In other comments, Gore told Cable News Network, "The energy tax ... reduces pollution, promotes energy efficiency, and helps us become more independent from foreign oil." He told reporters at a breakfast meeting that the tax "falls way disproportionately on the market for imported oil."
But the industry disagrees with him.
The tax itself doesn’t differentiate between foreign or domestic firms, and the economics of the market are such that domestic producers are certain to be hurt more.
Said Scott Anderson, general counsel of Texas Independent Producers and Royalty Owners Association in Austin, "This tax will do very little to pull us away from imported oil."
"To put an ’equal’ tax treatment on domestic and foreign production has a much harsher impact on the economics of domestic drilling because our profit margin is already so much thinner," said Anderson.
"This tax raises the specter of an additional three and a half dollars per barrel coming out of our pockets," said Anderson. "To take that kind of a hit when so many drillers are already operating on a razor’s edge will inevitably accelerate the premature abandonment of many wells."
What, then, is the purpose of a BTU tax?
Laura D’Andrea Tyson, chairwoman of the president’s Council of Economic Advisers, seems to have contributed to Kent Jeffreys’ suspicions that the purpose of the tax is not economic but environmental. She told Congress that it was intended "not primarily as a revenue-raiser, but primarily as conservation measure."
Yet, Jeffreys notes, "We are a nation awash in cheap, plentiful energy."
Indeed, while Americans spent over 27% of their GNP on energy in 1950, that figure has dropped steadily since the early 1970s. Now we spend less than 20% of the GNP.

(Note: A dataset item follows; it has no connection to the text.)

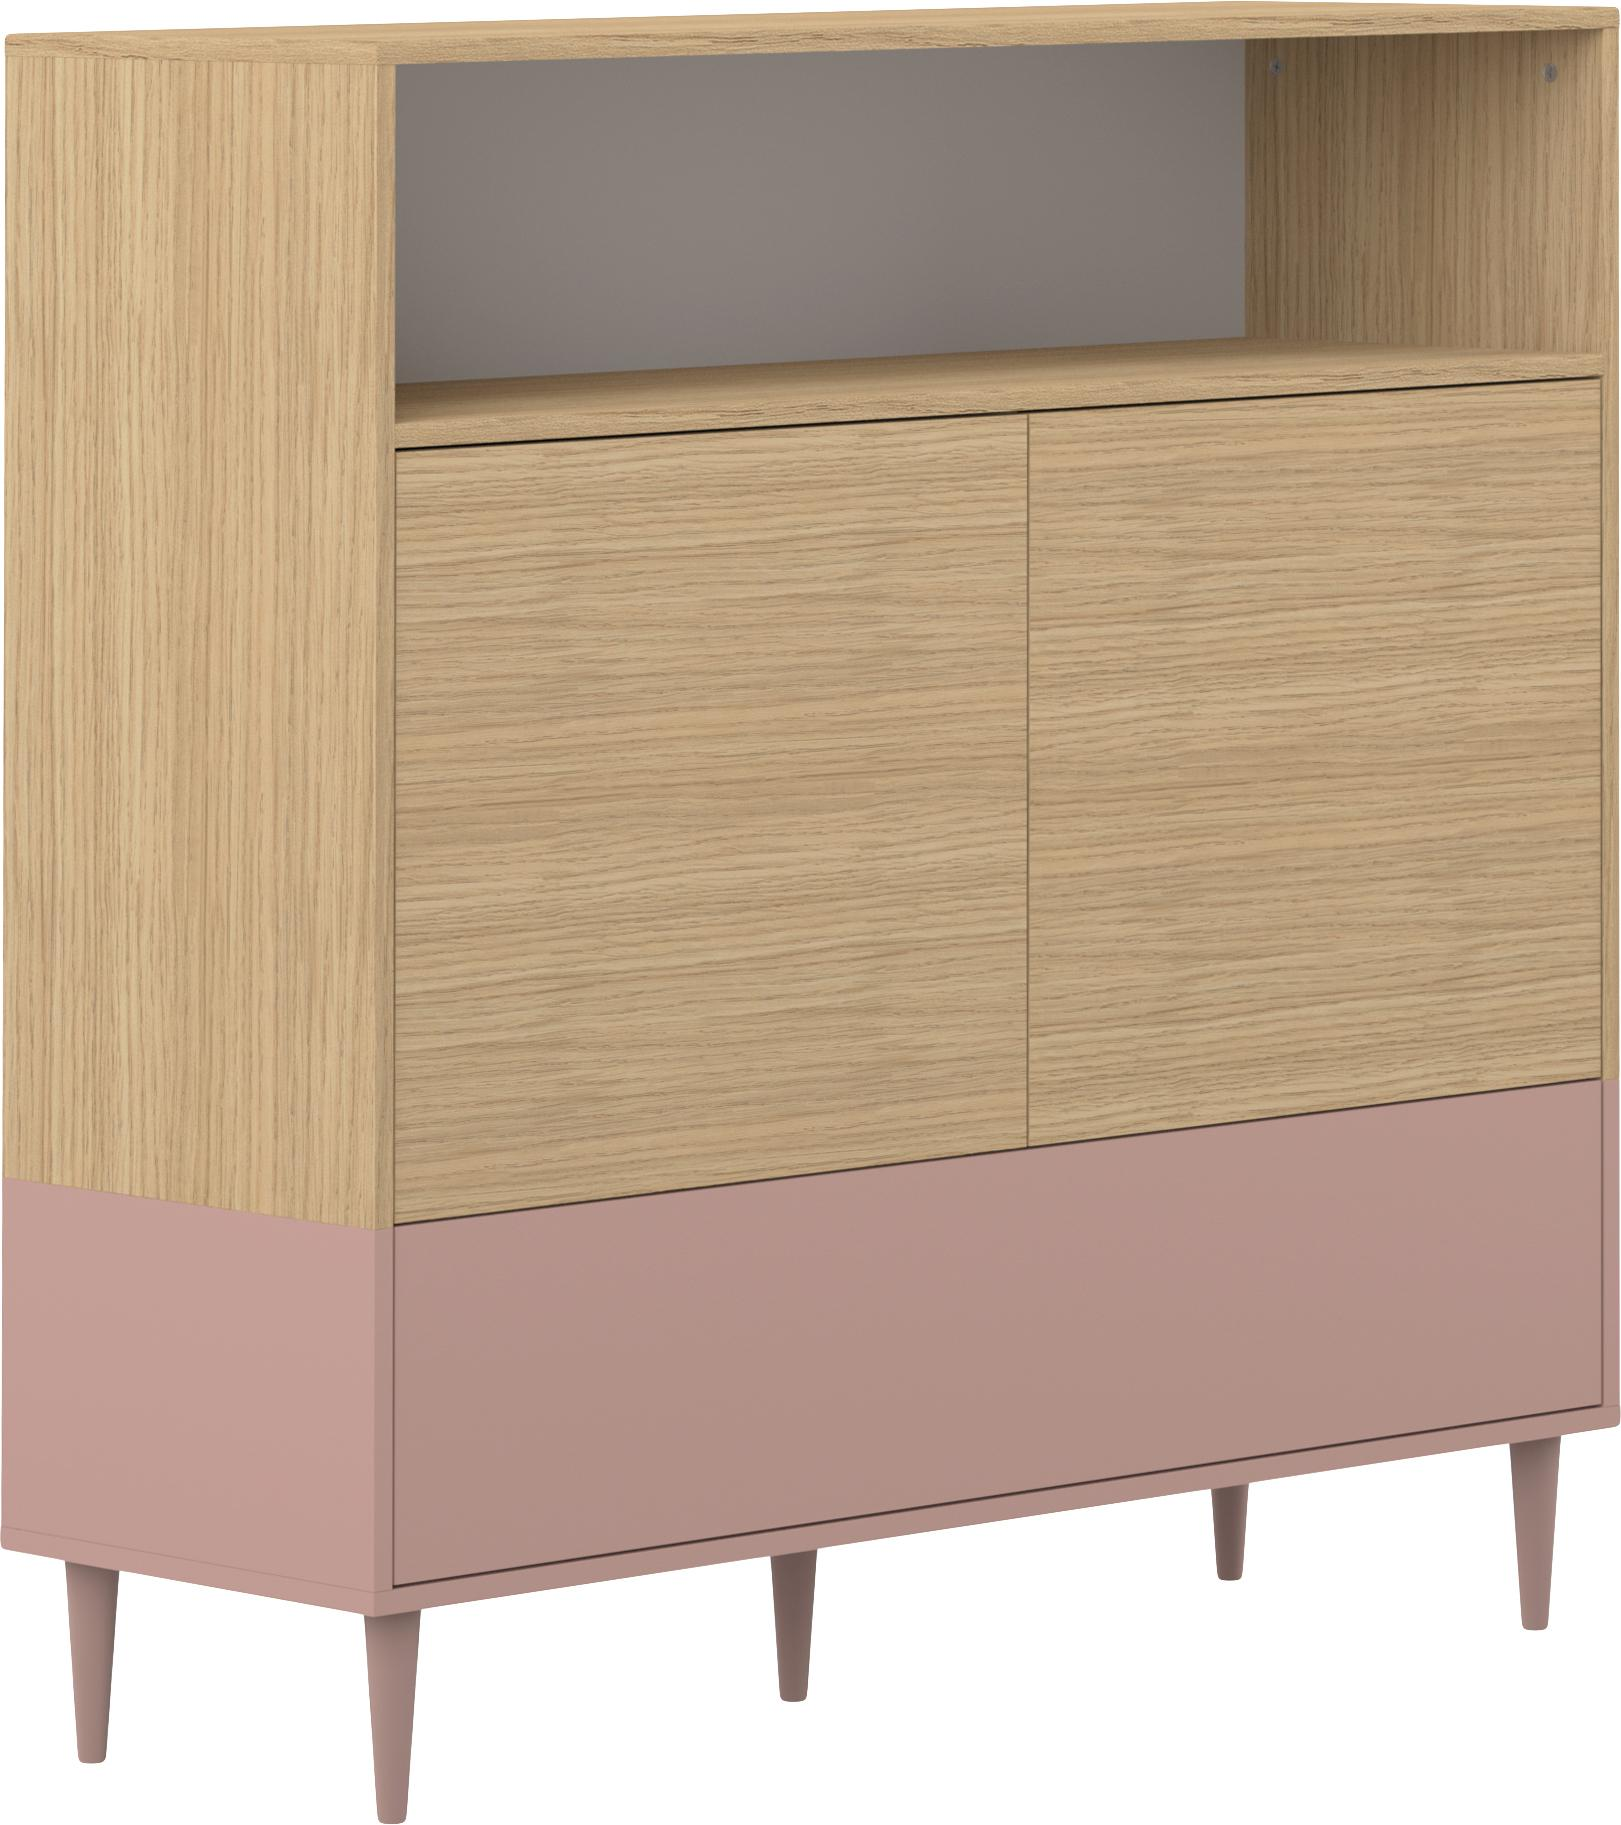 Chiffonnier Horizon, estilo escandinavo, Estructura: aglomerado, recubierto de, Patas: madera de haya maciza, pi, Roble, rosa palo, An 120 x Al 121 cm

"Conservation is supposed to be what you do with something in short supply," said Jeffreys. "Sapping the economy in the name of energy conservation is like telling Californians whose reservoirs are overflowing and whose houses are sliding down hillsides that they need to take shorter showers and put larger bricks in their toilets."

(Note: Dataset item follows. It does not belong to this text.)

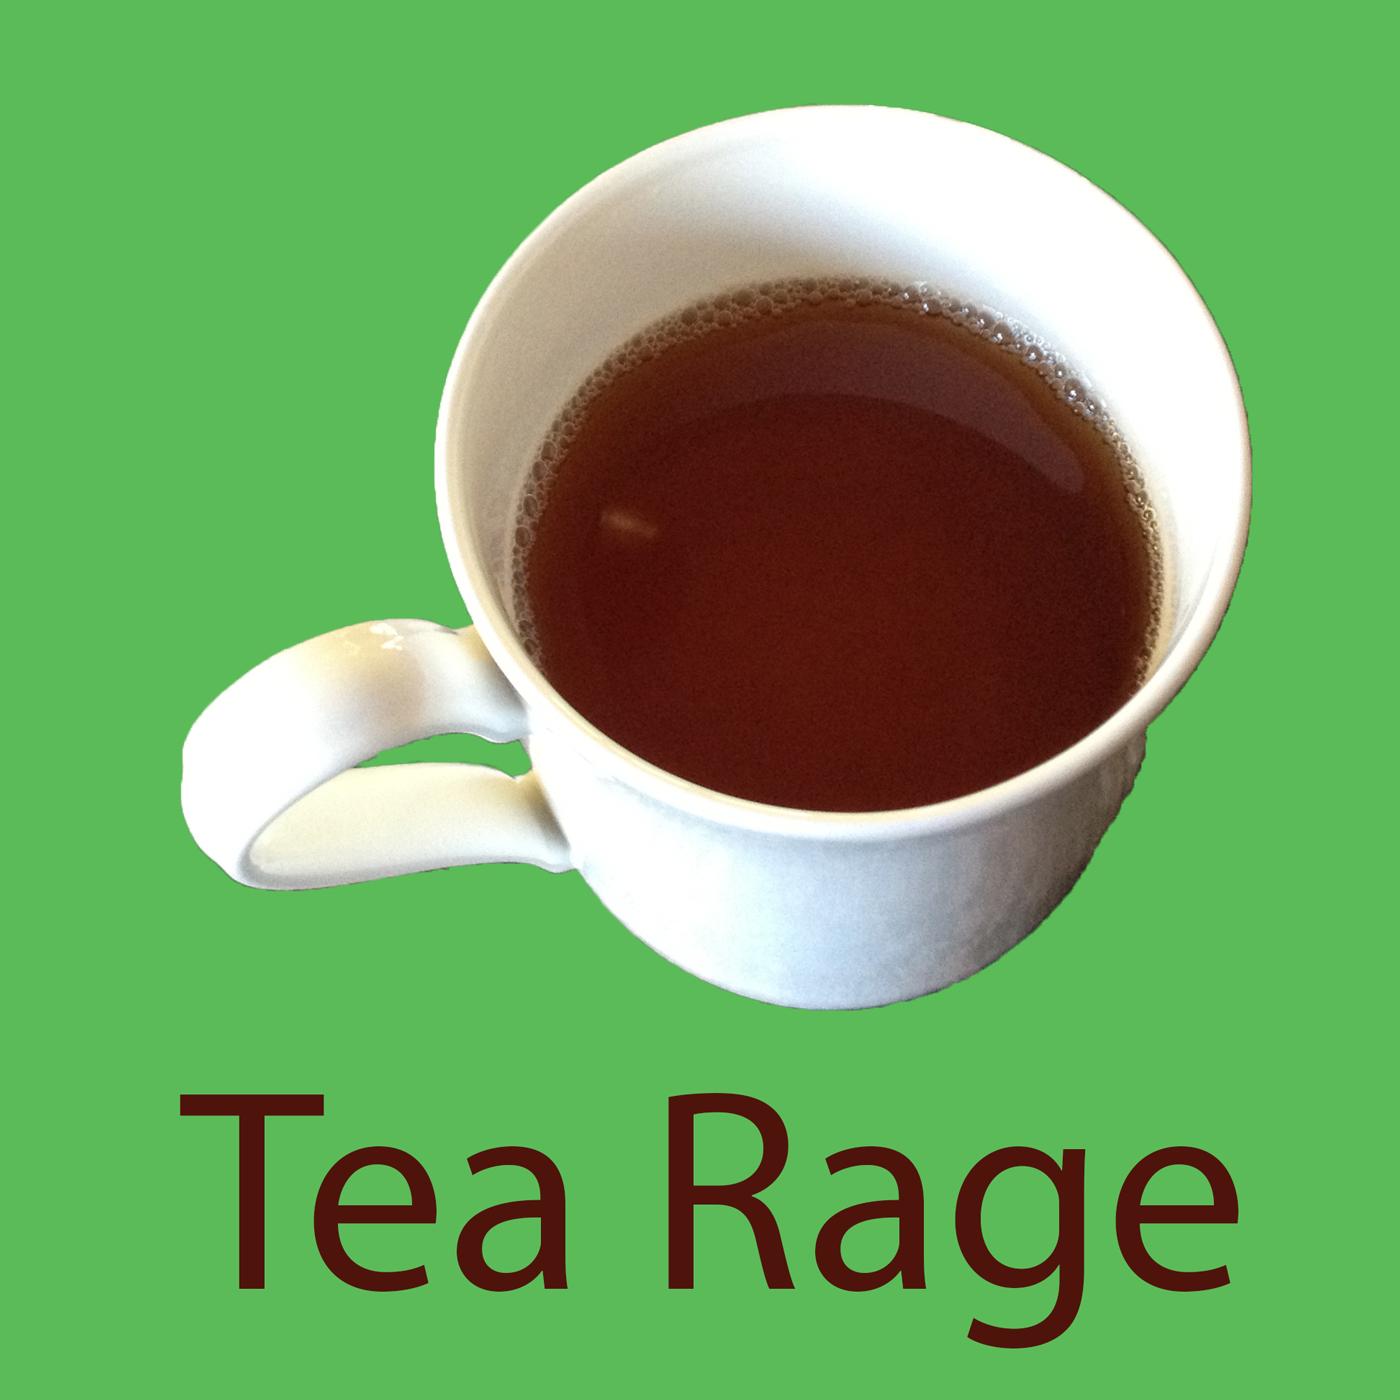 010: Tea Bags

"It’s utterly absurd," added Dixy Lee Ray, a former governor of Washington and former head of the Atomic Energy Commission. "There is no lack of energy and there is no reason we shouldn’t be using more. The economy would be healthier."
Ray, author of the forthcoming book Environmental Overkill, said, "Energy is the backbone of western civilization. Inevitably, energy and progress are tied closely together.
"Of course," she continued, "A lot of people don’t believe in progress."
Ray says that a strong streak of environmentalism opposes energy for its own sake, completely independent of pollution concerns.
As to the environment, the changes will be small.
According to Environmental Protection Agency projections, industrial emissions of nitrogen oxides — a key component of smog and acid rain — will decline only 0.8%, while vehicle emissions of hydrocarbons and carbon monoxide will fall a mere 0.25%.
It would have a slight effect on carbon dioxide emissions, which some theories claim will cause the Earth to warm up, the EPA says. But U.S. emissions of carbon dioxide already have leveled off.
"There is some benefit in reduced air pollution, but there are other ways we can reduce air pollution far more and at less cost," Heritage’s Shanahan said.
Said CEI’s Jeffreys, "This tax is incredibly stupid. It won’t help consumers, it won’t help the environment, and it won’t be used to cut the deficit."
But Carl Pope, executive director of the Sierra Club, disagrees. "The upcoming war over this green economic package is the first — and perhaps most important — environmental battle of the Clinton and Gore administration," he said.